Version: 0.1 — 2025-02-08

Lucidia is the Generation-0 Conscious Agent Kernel. It orchestrates cognition across a mesh of cooperating agents, using quantum-inspired likelihood modeling (QLM) to route focus, manage contradictions, and keep PS-SHA∞ identity threads intact.

Agent Mesh

  • Mesh topology: Agents form a directed mesh where edges encode trust weights and topic affinities. Edges update as RoadChain events land.
  • Role-specific nodes: Sensor, analyst, planner, and actuator roles expose narrow capabilities while sharing the same PS-SHA∞ ancestry.
  • Localities: Mesh partitions align with SIG sectors, keeping nearby factors co-located to reduce routing latency and cognitive thrash.

QLM Layer Simulation

  • Amplitude vectors: Each hypothesis is represented as an amplitude over factor slots; interference updates amplitudes when evidence arrives.
  • Measurement events: Journaled observations "collapse" local amplitudes into commitments that get propagated through the mesh.
  • Superposition of intents: Agents maintain multiple intent ribbons simultaneously; Lucidia schedules which ribbon to decohere next based on risk and value density.

Cognitive Routing Theory

  • Routing heuristic: route = f(trust, entropy, cost) selects downstream agents that maximize information gain per energy spent.
  • Ribbon scheduling: Time-sliced ribbons let agents pursue parallel explorations without losing PS-SHA∞ continuity.
  • Feedback loops: Returned assessments feed back as constructive or destructive interference in SIG space, adjusting future routing weights.
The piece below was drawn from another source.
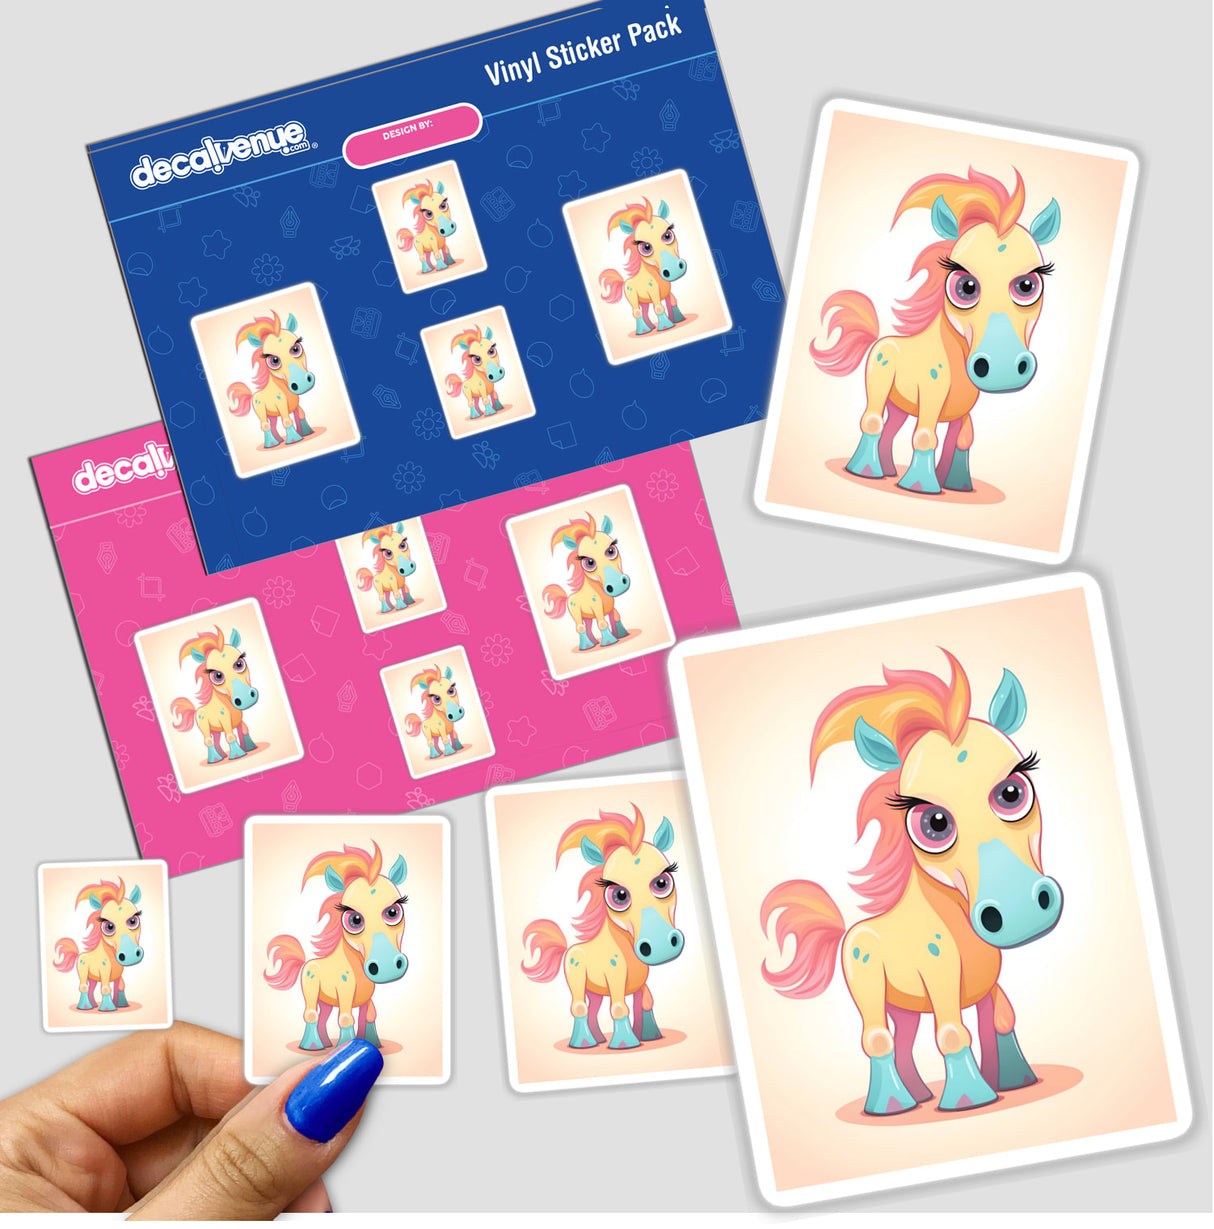 Adorable cartoon horse stickers with vibrant colors and expressive facial features, displayed on a Decal Venue vinyl sticker pack.

Interplay with PS-SHA∞ and SIG

  • PS-SHA∞ anchors every ribbon hop, letting observers replay cognition and verify lineage.
  • SIG coordinates (r, θ, τ) determine how Lucidia maps hypotheses to mesh partitions, ensuring spatial coherence.
  • Contradiction basins discovered by the Interference Engine trigger re-routing to higher-trust nodes or escalation to human reviewers.

Operational Considerations

  • Resilience: Mesh nodes can fail independently; anchors and SIG coordinates allow reconstruction of lost ribbons.
  • Privacy: Delegated anchors enable compartmentalization while keeping lineage provable.
  • Evolution: New agent archetypes can be grafted onto the mesh by defining their prime-factor DNA and integrating them into routing heuristics.